Biotensegrity: The geometry of Anatomy
This is something I’m very interested in, its the study of tensional integrity (Buckminster Fuller) in biology. From an aesthetics point of view it would probably fit in the field of dynamics – but I’m coming from the standpoint of evolutionary kinematic constraints. Essentially that the notion of our evolutionary movement can only conceivably end up in our current form. Our wrists, shoulders, hips, spine etc can only work they way they work, because its the only way they can.
Now I’m not including ideas such as being double jointed etc, but from a general standpoint I find the ideas found in biotensegrity a sort of bridging of the mathematical models we create in rigging and real world biology. We both end up with the same results – e.g. the spine in a tensegrity model and a mathematical one have the same limits, rotation spaces and constraints.
It is said that mathematics is a poor man’s representation of nature – but the fact that it can represent it with enough detail as being real its pretty exciting to me. Tensegrity i find is a beautiful connection between nature and maths.
thanks a bunch!
meril, and 
Maulik are discussing. 
Phil Earnhardt 12:45 pm on October 3, 2009 Permalink |
That’s a beautiful little piece, Charles.
The word “biotensegrity” was coined by Dr. Stephen Levin (biotensegrity.com). The field includes tensegrity on a cellular level (pioneered by Ingber) and on a musculoskeletal level (pioneered by Levin). Tom Flemons, author of the piece you reference on intensiondesigns.com, collaborates with Levin on his model-making.
The implications of a moving tensegrity are very different from the stationary sculptures of Snelson. Levin notes that the non-hookean (nonlinear) stress/strain response of tensegrity is critical for nature because it’s far more efficient. Virtually all of today’s robots use a “levers and hinges” model for their movement; such designs will be eternally constrained in their mechanical efficiency. Roboticists are starting to mimic nature’s loosely-coupled structures; robots will eventually be able to “go with the flow”.
The question I’ve seen nobody ask: when did nature first learn to use tensegrity for the gross structure of its creatures? As you note, the myriad advantages of tensegrity make it the clear choice for life. But these floating structures are a huge evolutionary leap from a stack of cells. My guess is that the Cambrian explosion is rooted in that exact leap, but I have no qualification to do anything but wildly speculate about that.
One other piece of the puzzle is fascial tissue, the third fractal/pervasive network in our body. Thomas Myers has thought about this extensively; his paper “Spatial Medicine” should be quite inspiring. The Rolfers know fascial tissue better than anyone; it’s no surprise that Myers studied under Ida Rolf. His book “Anatomy Trains” is a fantastic text: a tensegrity-oriented mapping of the long lines of tension in our musculoskeletal network.
I found your post through Achim Luhn (@xozzox on twitter).

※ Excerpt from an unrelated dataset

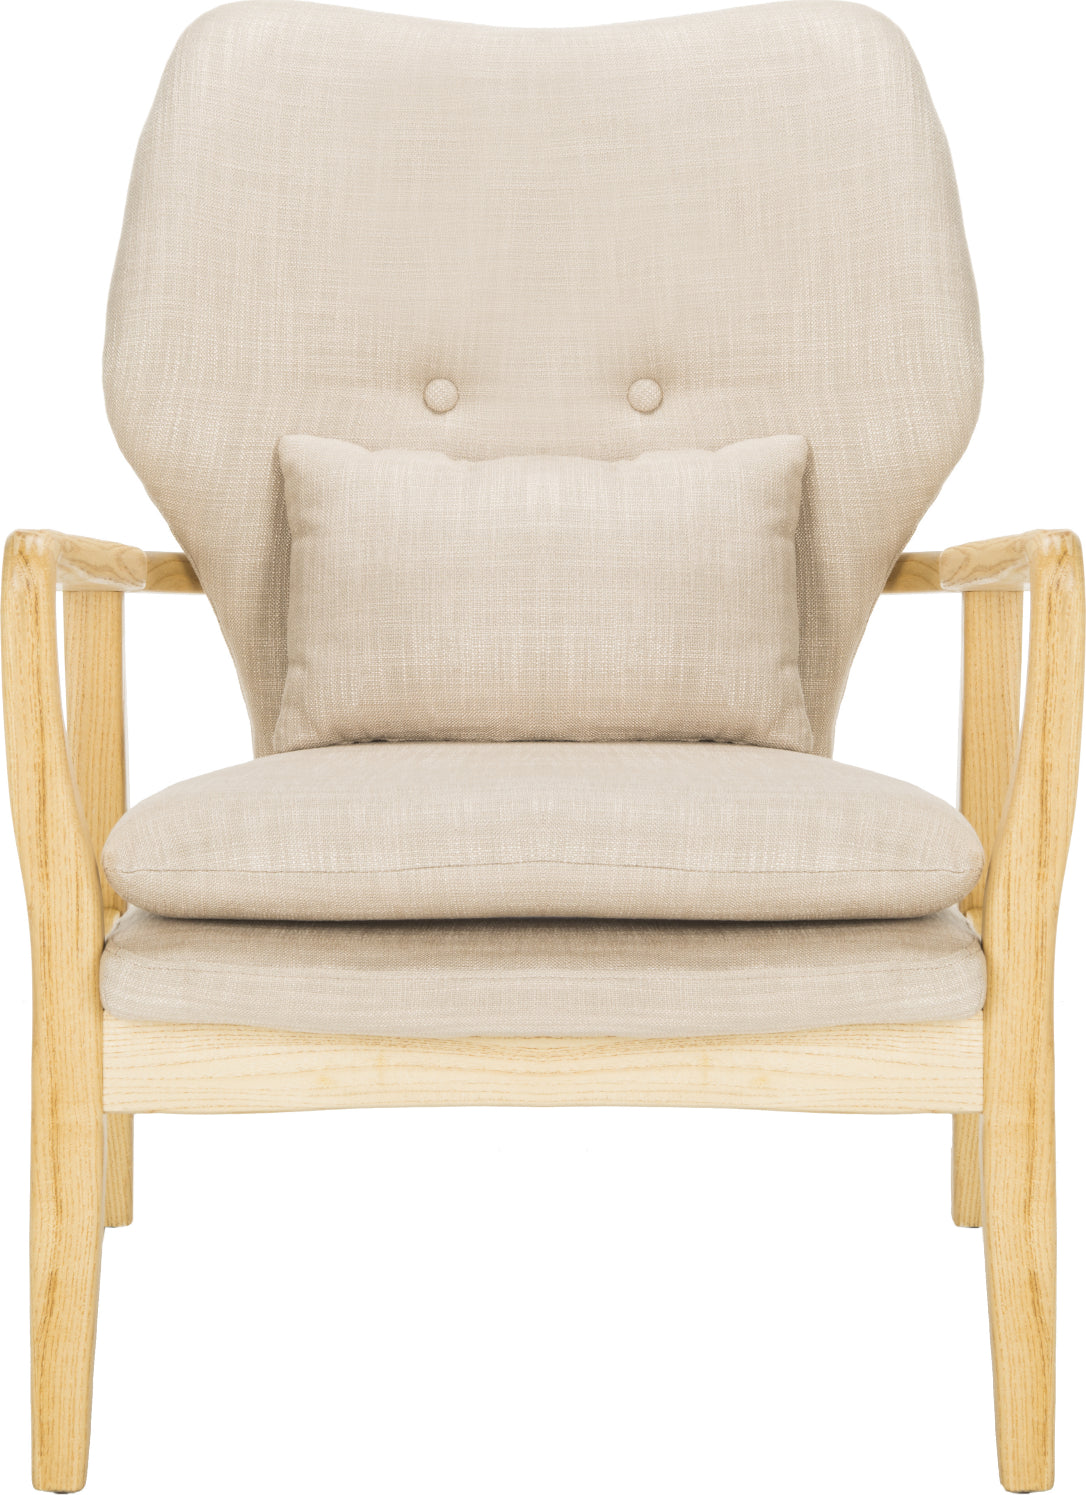 Safavieh Tarly Accent Chair Beige and Natural Furniture main image

Charles 4:26 pm on October 3, 2009 Permalink |
Thanks Phil, That was a great reply
I’ve only just started looking into tensegrity and its remarkable how it just seems to fit the models we build pretty correctly – they idea that nature evolved to use non-linear tension is amazing. And the fact that this tension model produces the same mathematical results, the same limits that mathematical models produce is incredible.
I’ts as if these are the ground rules of nature, in every part from the cellular level all the way up to muscles, bones and tissue level.
I will take a look a look at the paper you mentioned and the book.